EXERCISE OBJECTIVE => For this listing, the lines between the one holding "El nuevo Agro" and the one holding "アーケード シューティング01-4(LFの再生済みの波形", inclusive, must be set down exactly.

RECORDS SHOWN =>
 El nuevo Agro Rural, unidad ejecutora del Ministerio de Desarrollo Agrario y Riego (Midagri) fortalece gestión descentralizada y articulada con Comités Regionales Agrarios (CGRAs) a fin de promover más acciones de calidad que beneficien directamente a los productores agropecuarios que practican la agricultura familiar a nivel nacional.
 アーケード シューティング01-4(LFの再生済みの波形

---

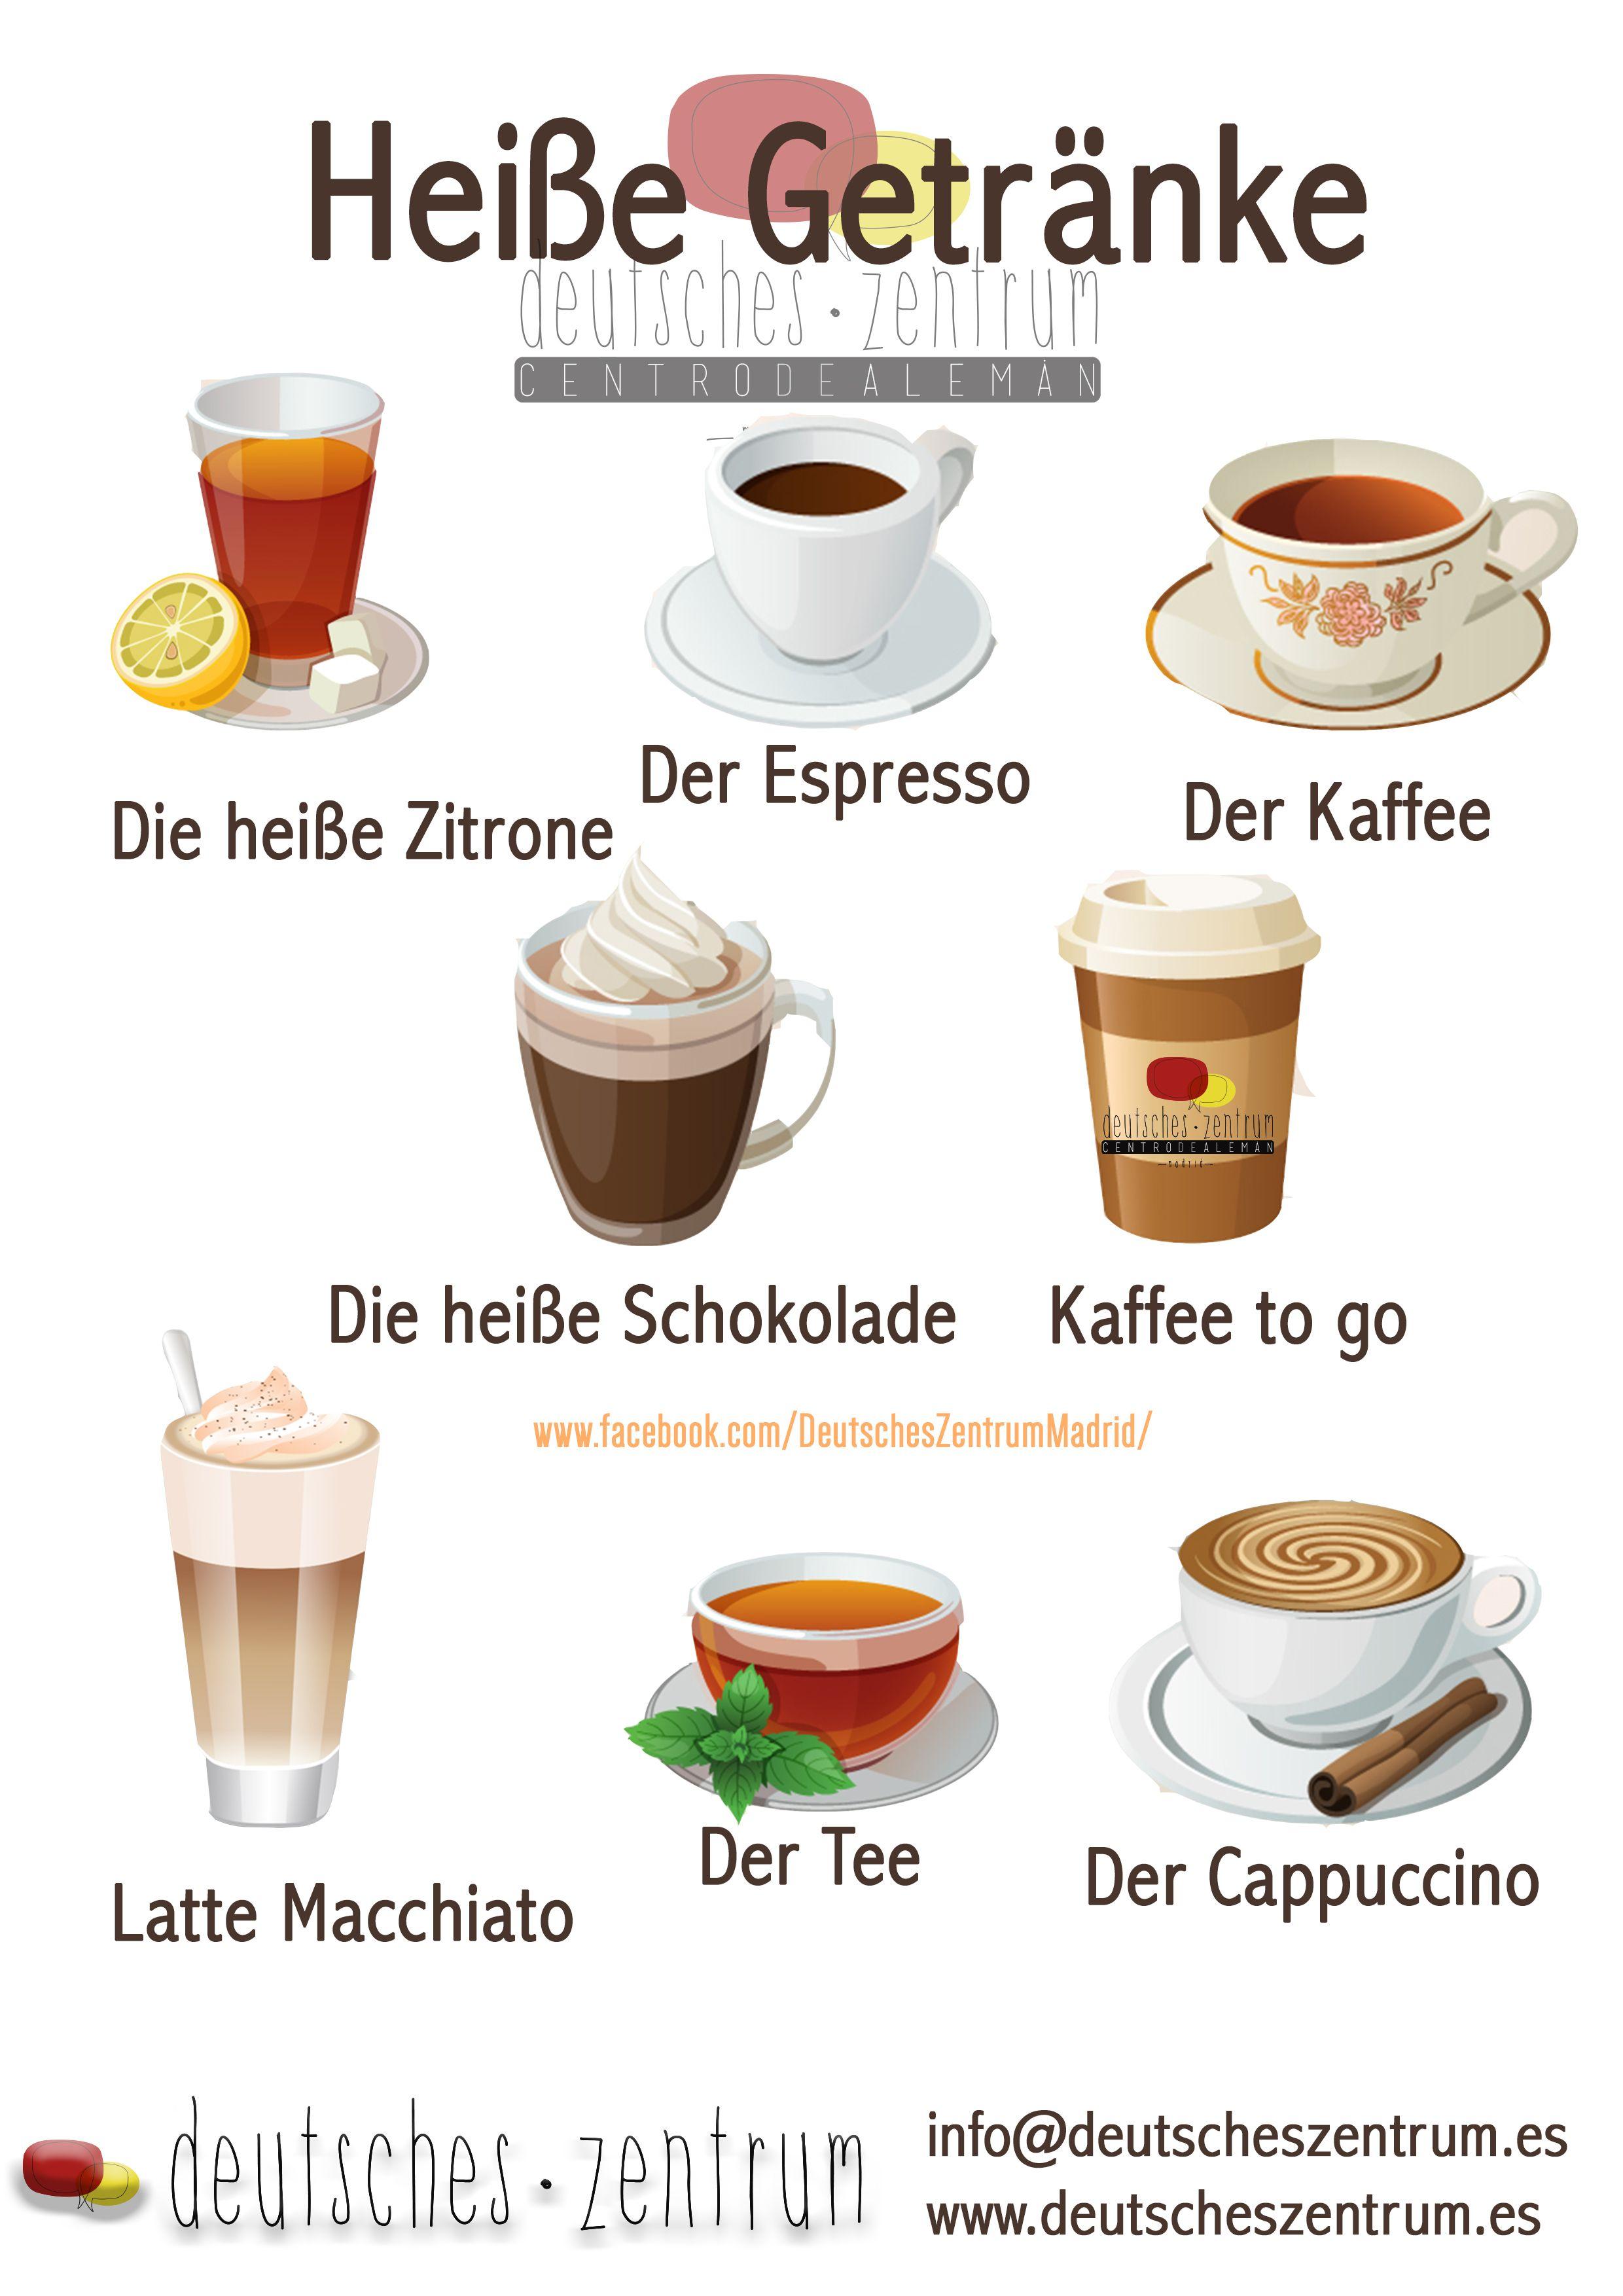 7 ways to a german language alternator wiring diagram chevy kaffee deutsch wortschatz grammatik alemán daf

...

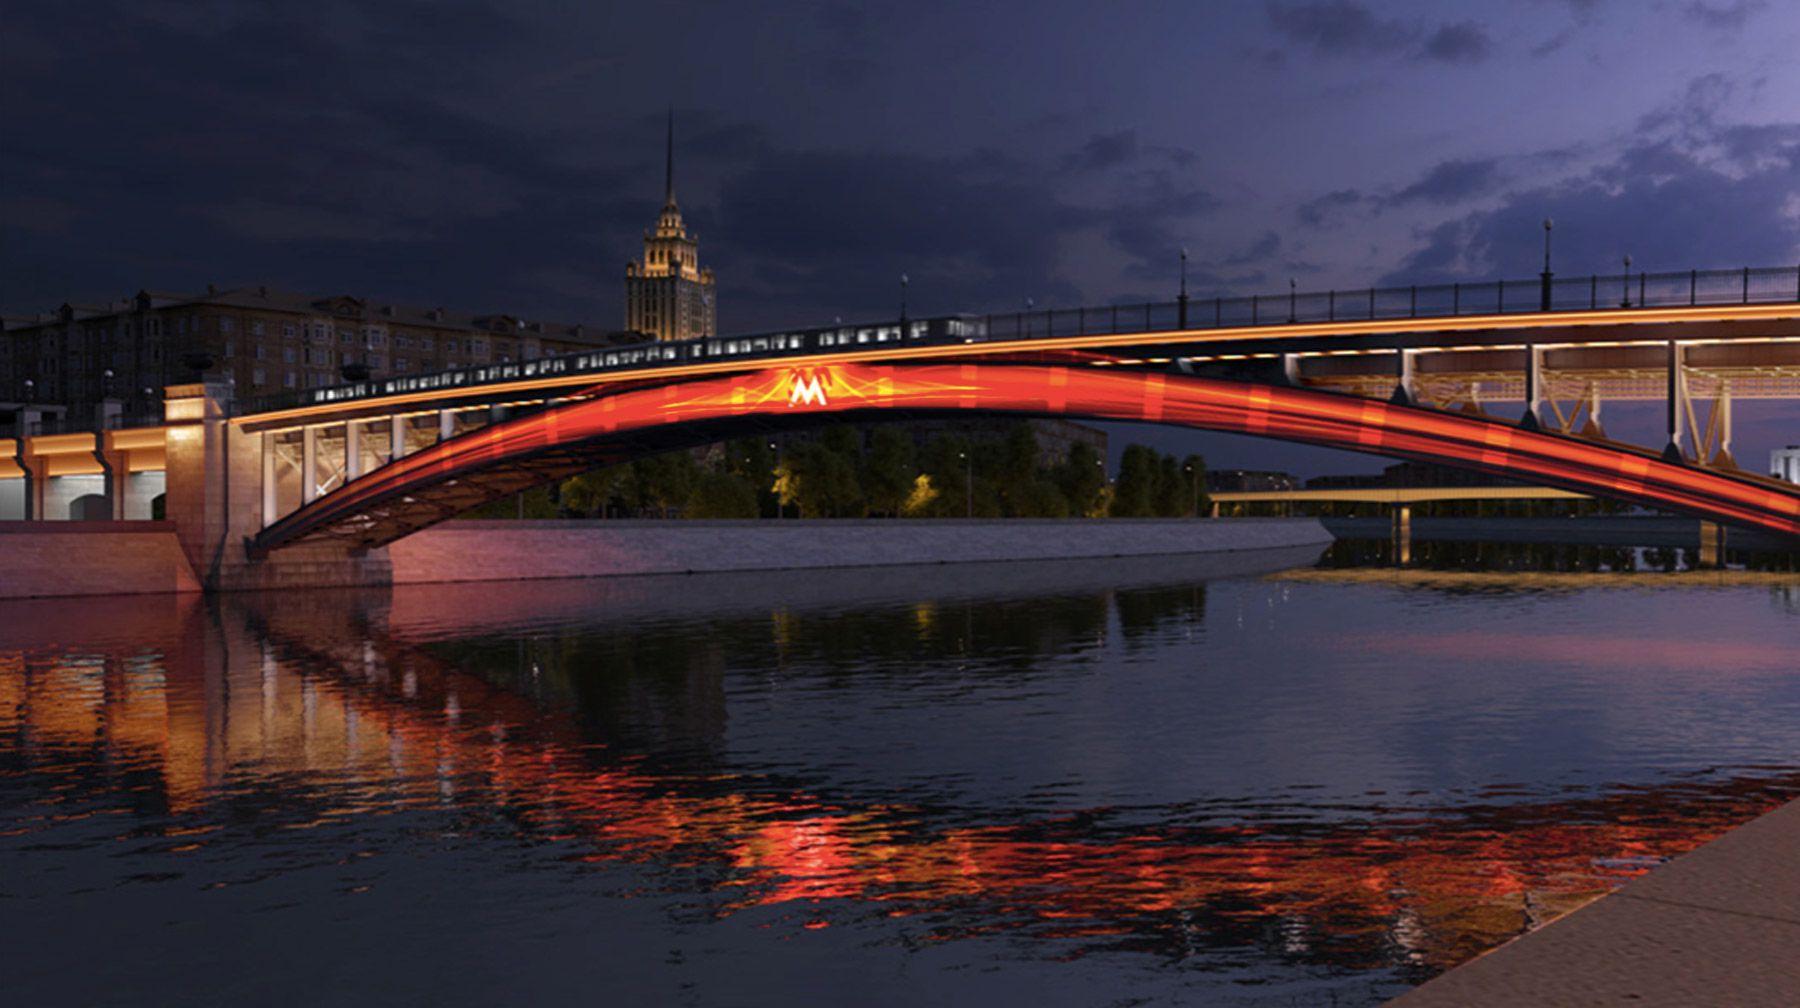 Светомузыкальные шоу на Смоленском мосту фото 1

THE ANSWER =>
 El nuevo Agro Rural, unidad ejecutora del Ministerio de Desarrollo Agrario y Riego (Midagri) fortalece gestión descentralizada y articulada con Comités Regionales Agrarios (CGRAs) a fin de promover más acciones de calidad que beneficien directamente a los productores agropecuarios que practican la agricultura familiar a nivel nacional.
 アーケード シューティング01-4(LFの再生済みの波形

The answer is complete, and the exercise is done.